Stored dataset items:
-----
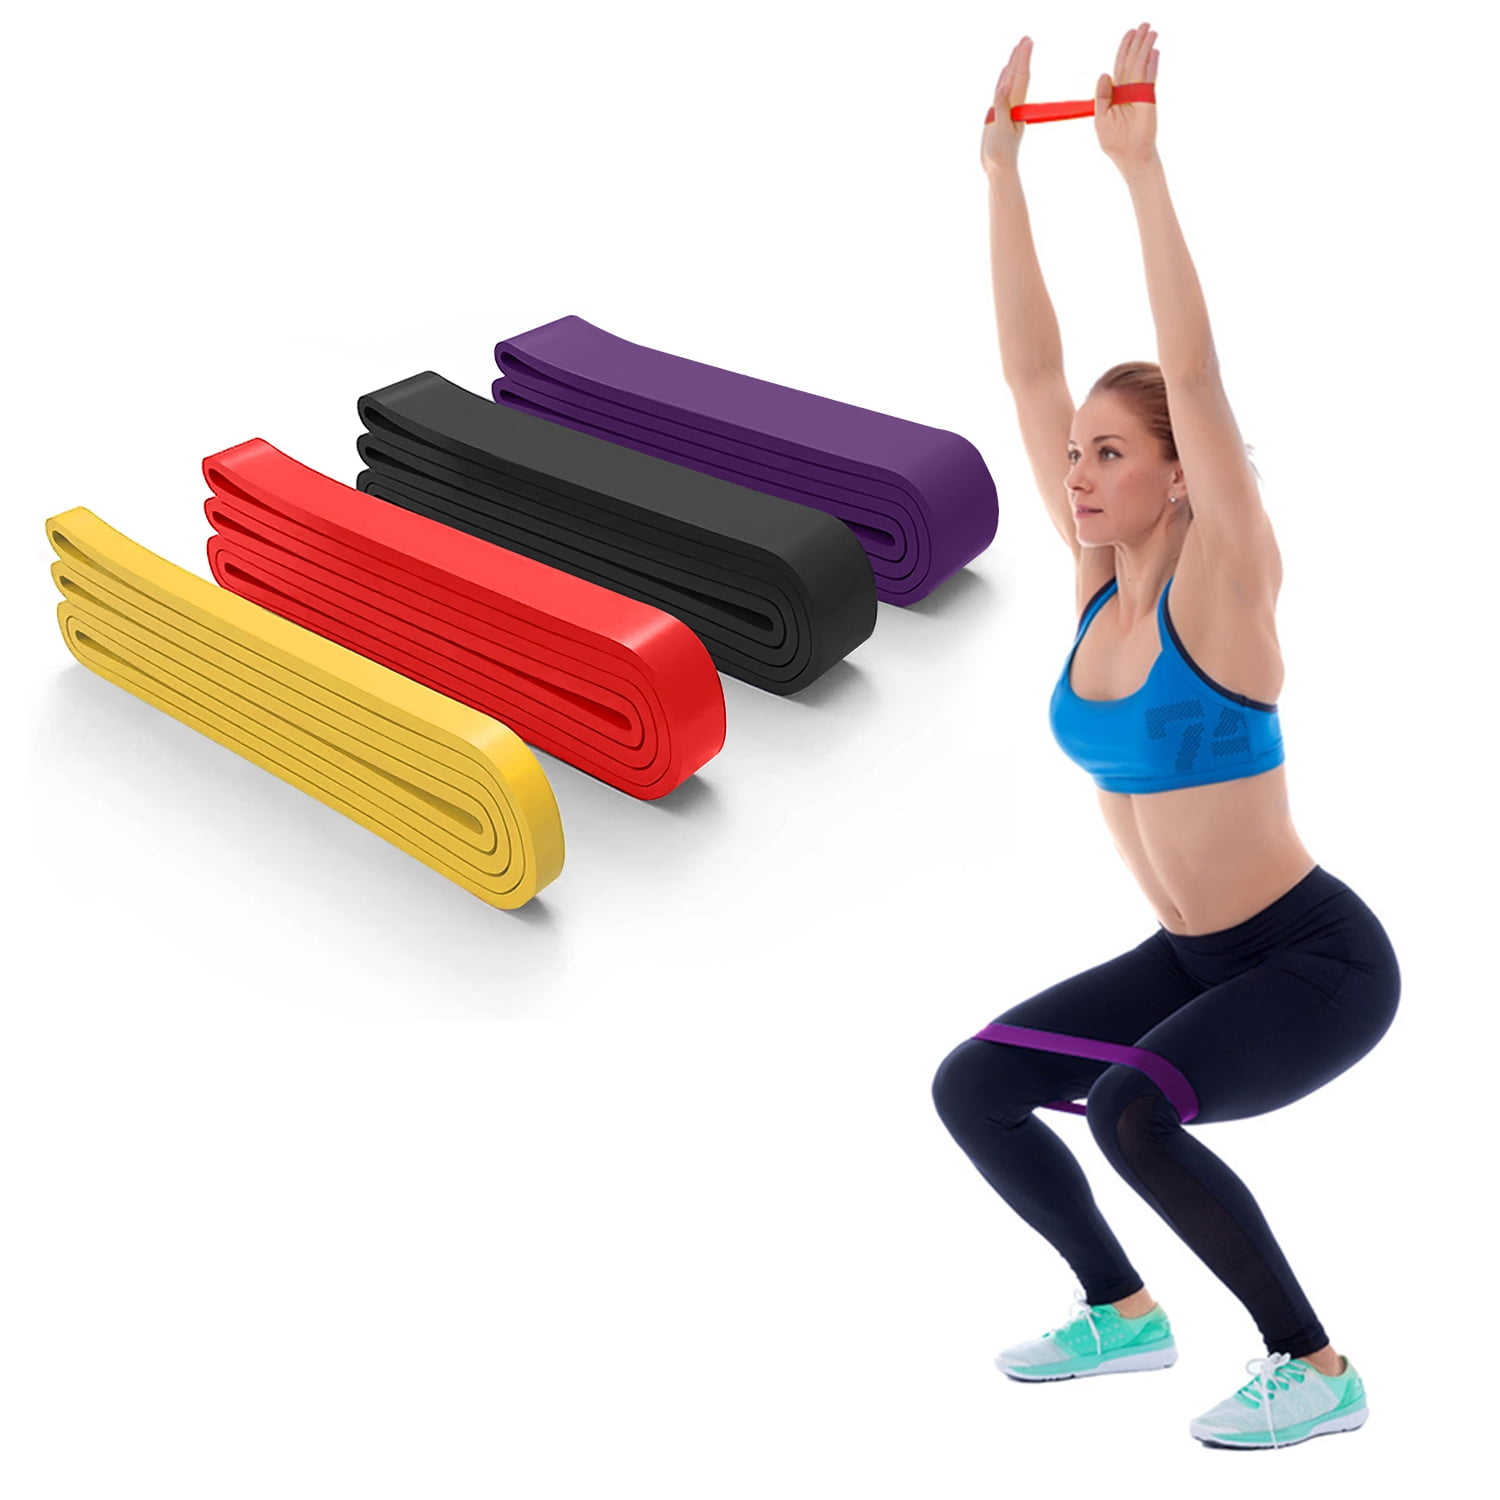 iMounTEK Resistance Loop Band for Legs and Butt Exercise Bands - Yoga Power  Lifting, 4 Colors Women Sports Fitness Band 
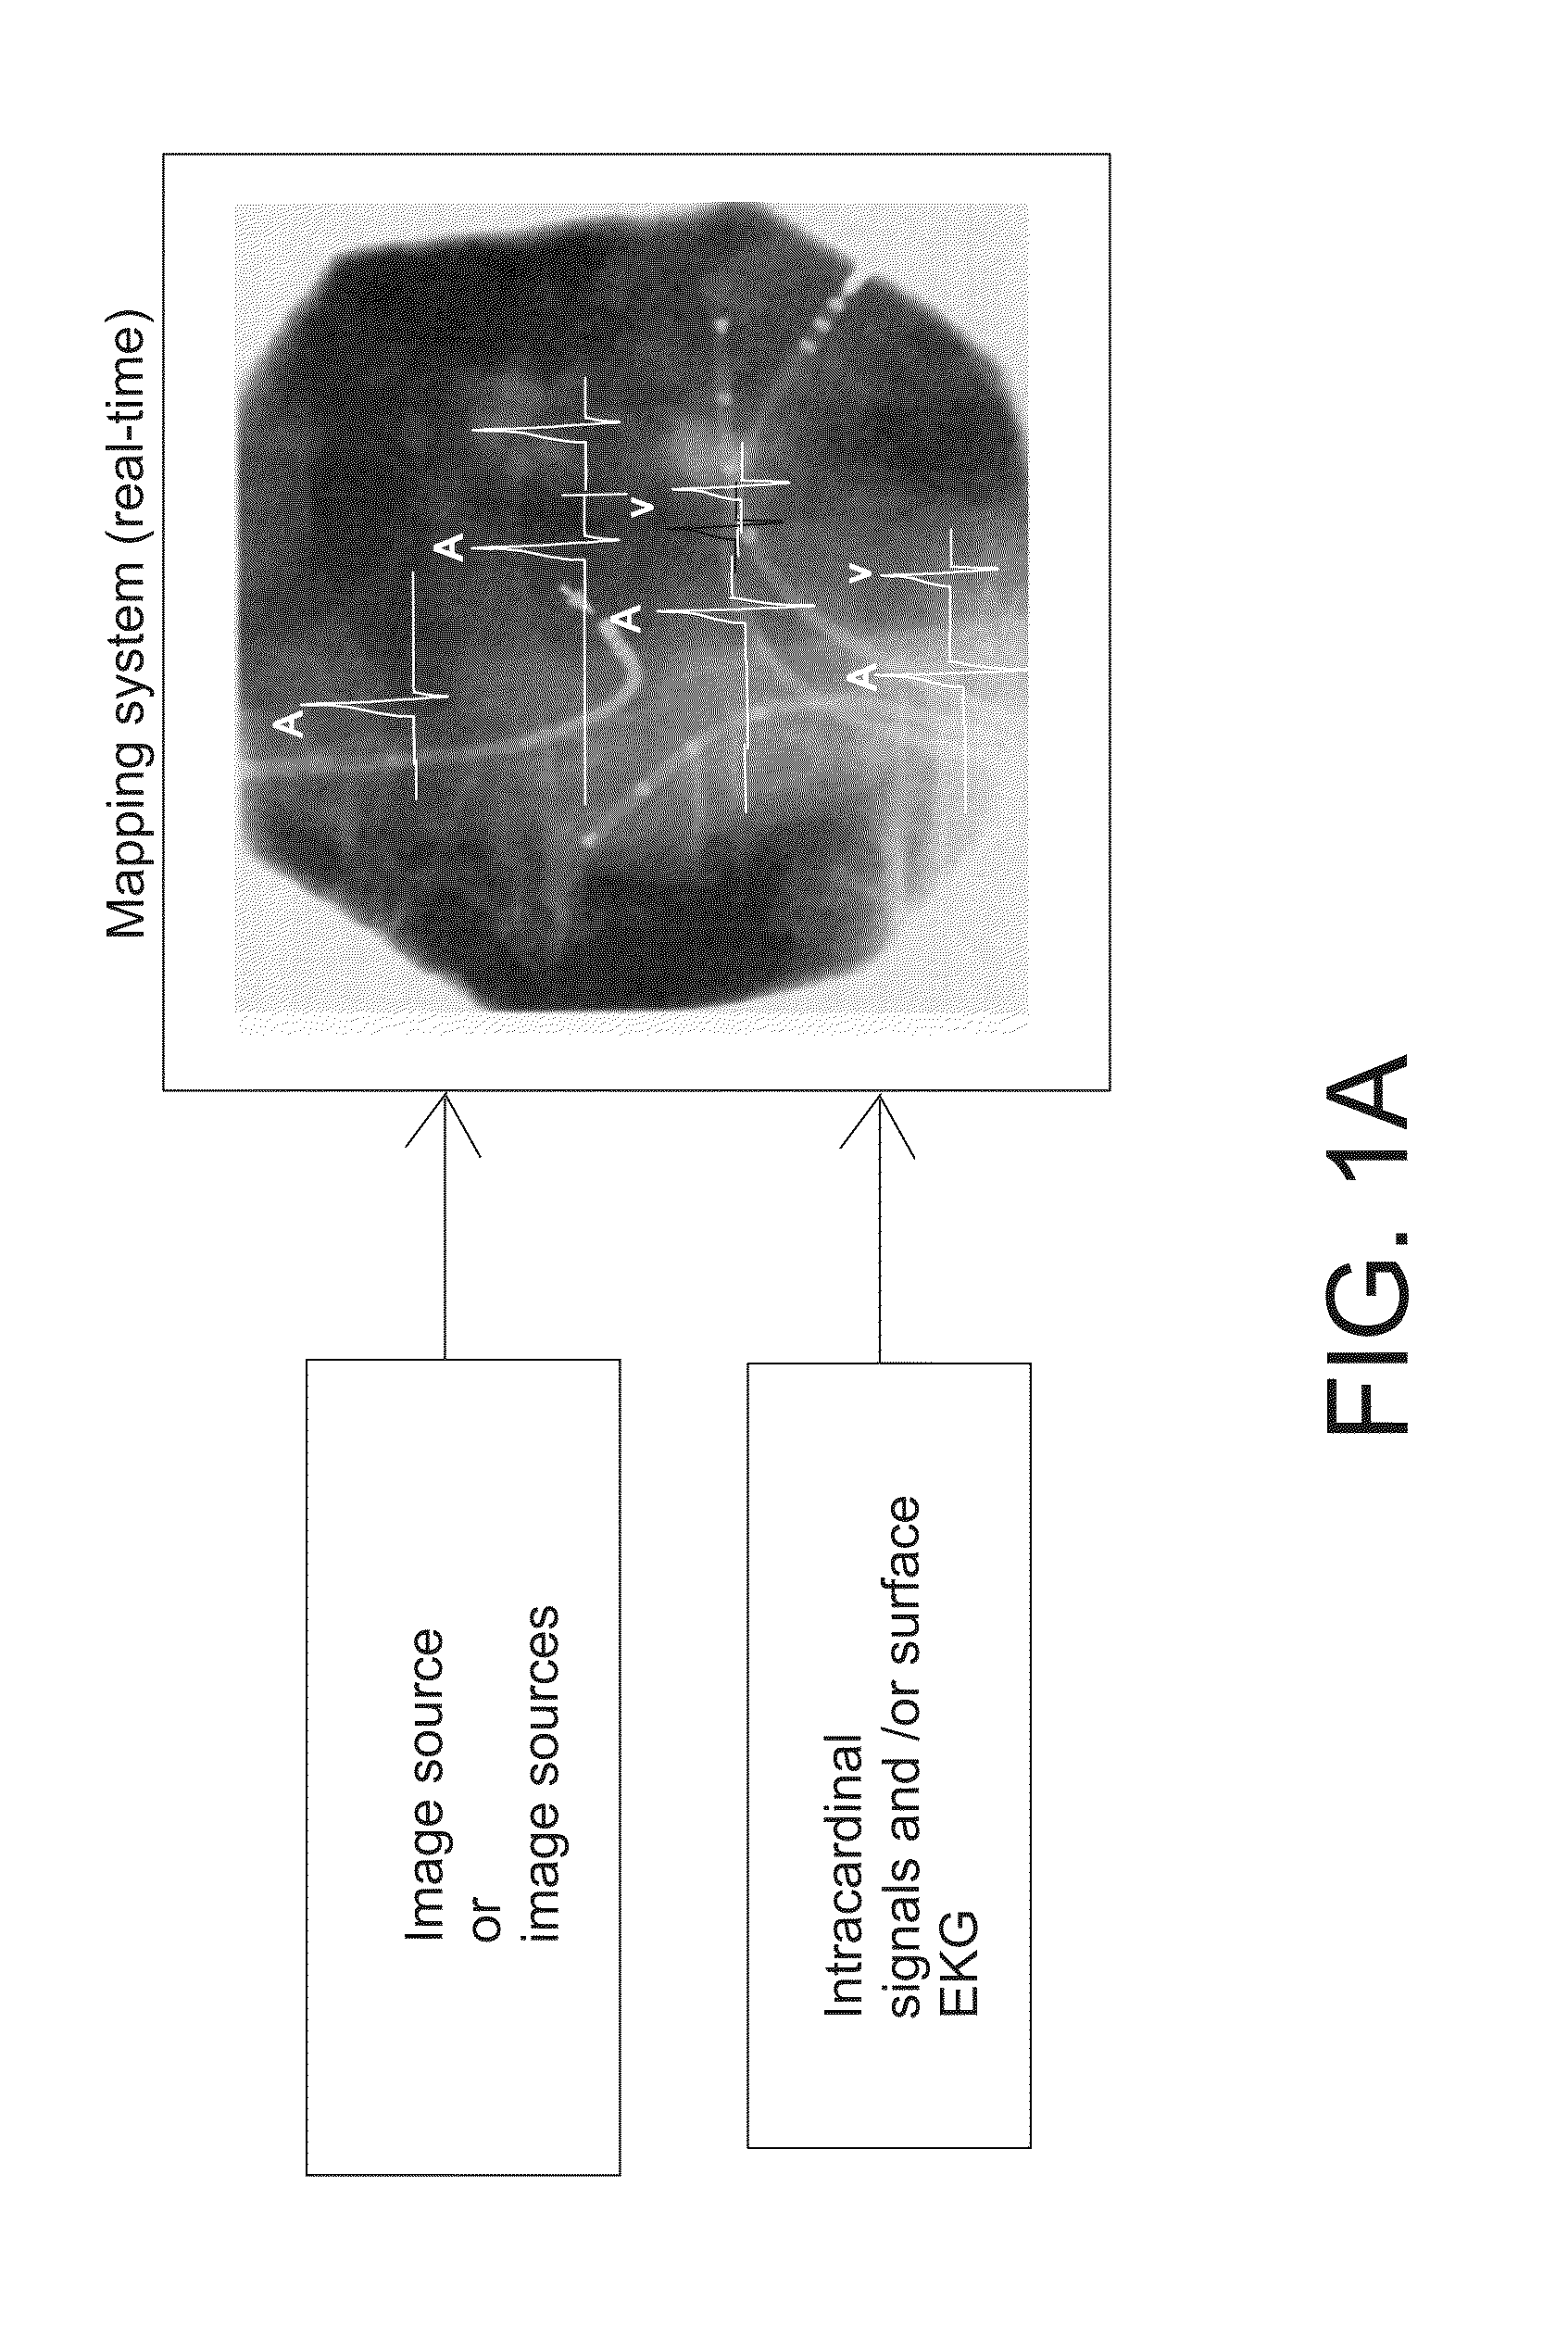 Methods and system for real-time cardiac mapping
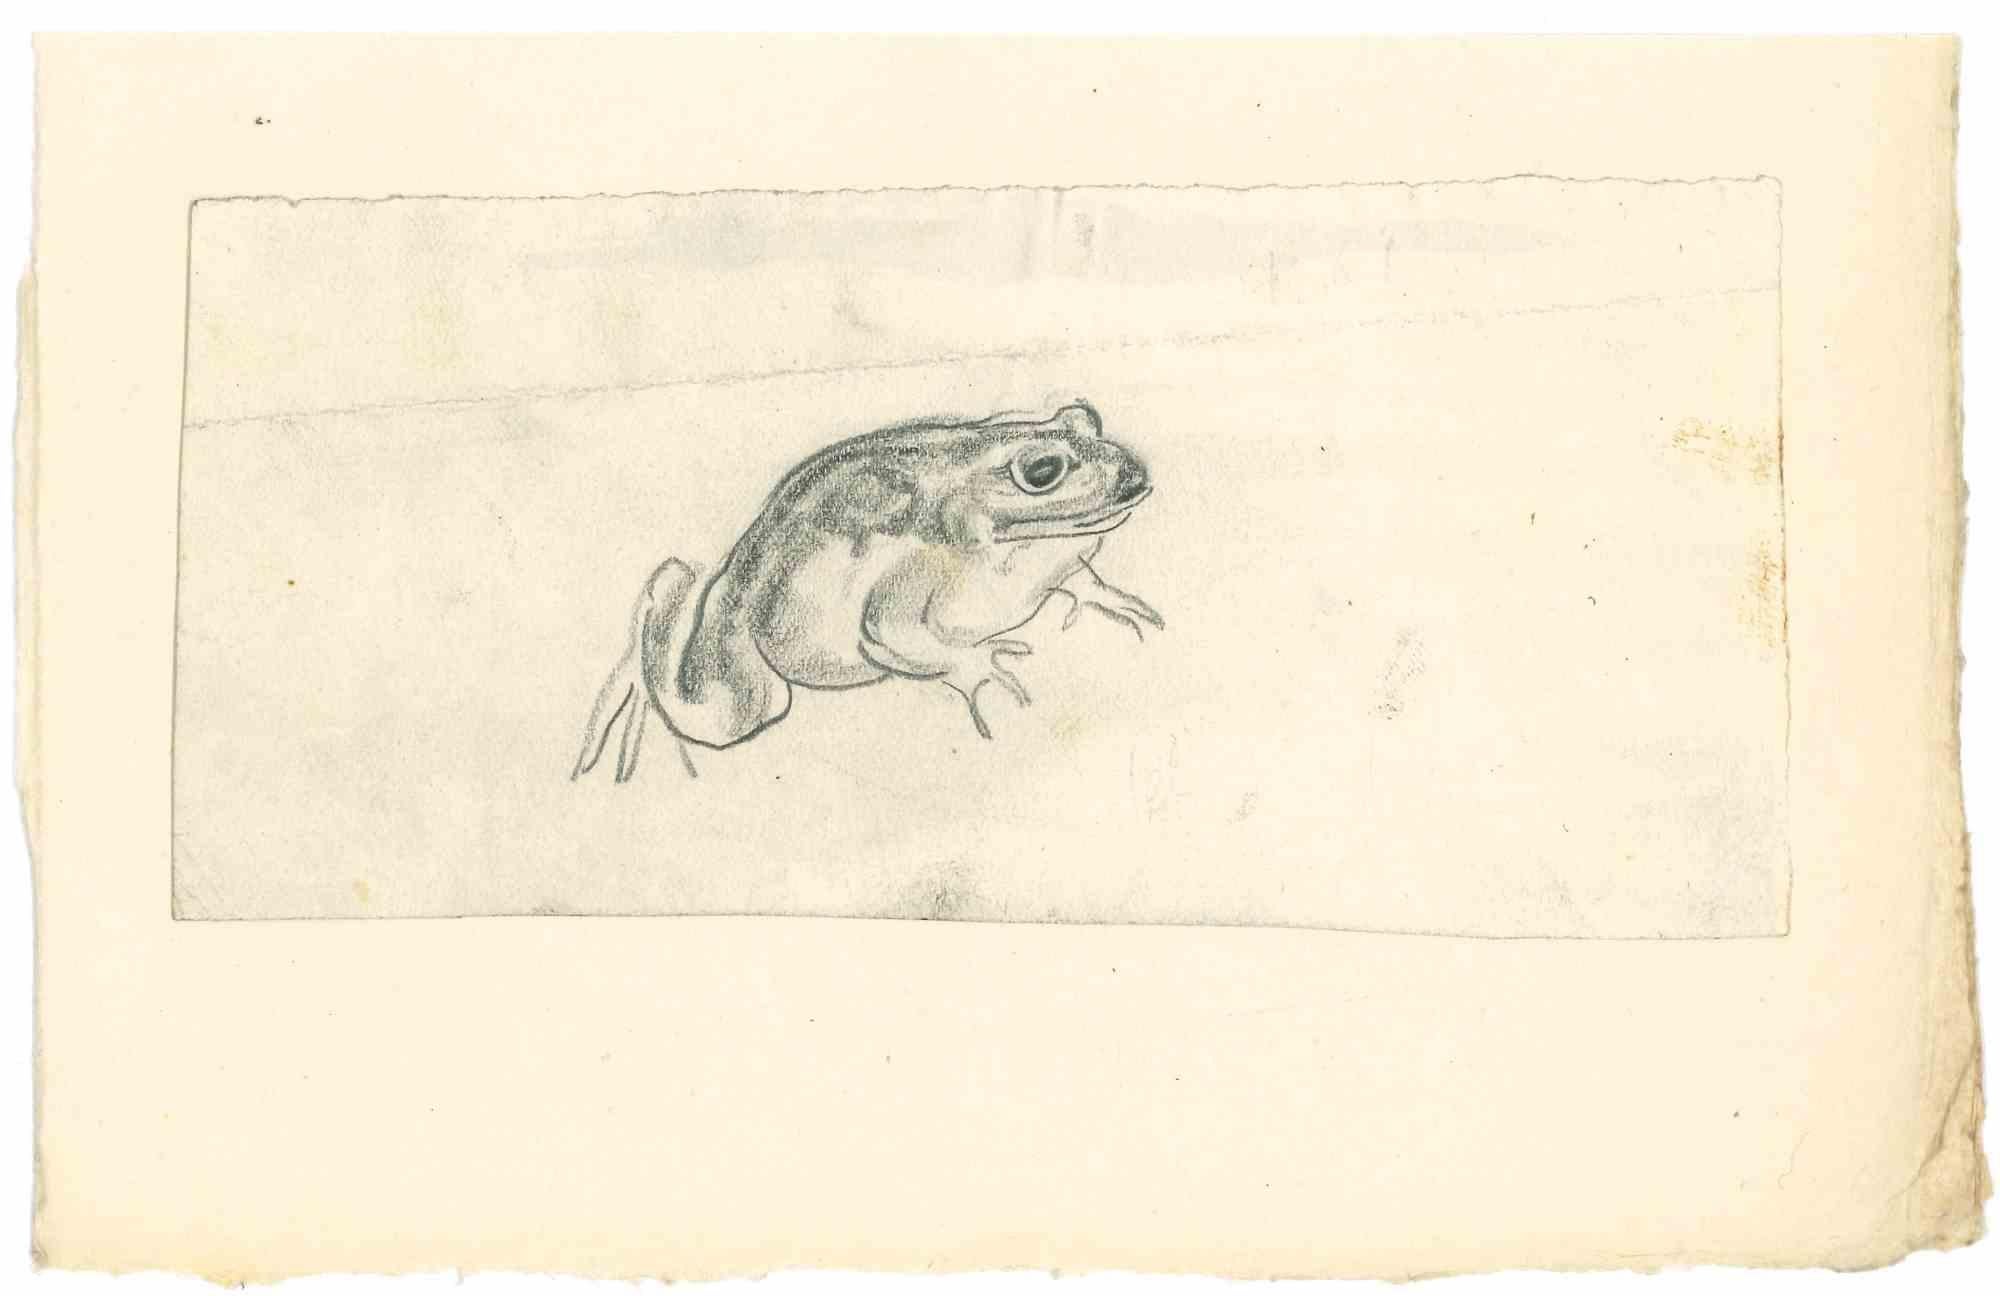 Frog is a  drawing in pencil realized in the early 1930s by Emmanuel Gondouin, (Versailles, 1883 - Parigi, 1934) 
 
The artwork is depicted through strong strokes.
 
Emmanuel Gondouin is a French Cubist painter born in Versailles in 1883 and died in
-----
» Task statement
An exact restatement is expected of the lines from the line containing "- Parigi, 1934)" to the end of the data above, pictures excluded.

» Response box
 Frog is a  drawing in pencil realized in the early 1930s by Emmanuel Gondouin, (Versailles, 1883 - Parigi, 1934) 
 
The artwork is depicted through strong strokes.
 
Emmanuel Gondouin is a French Cubist painter born in Versailles in 1883 and died in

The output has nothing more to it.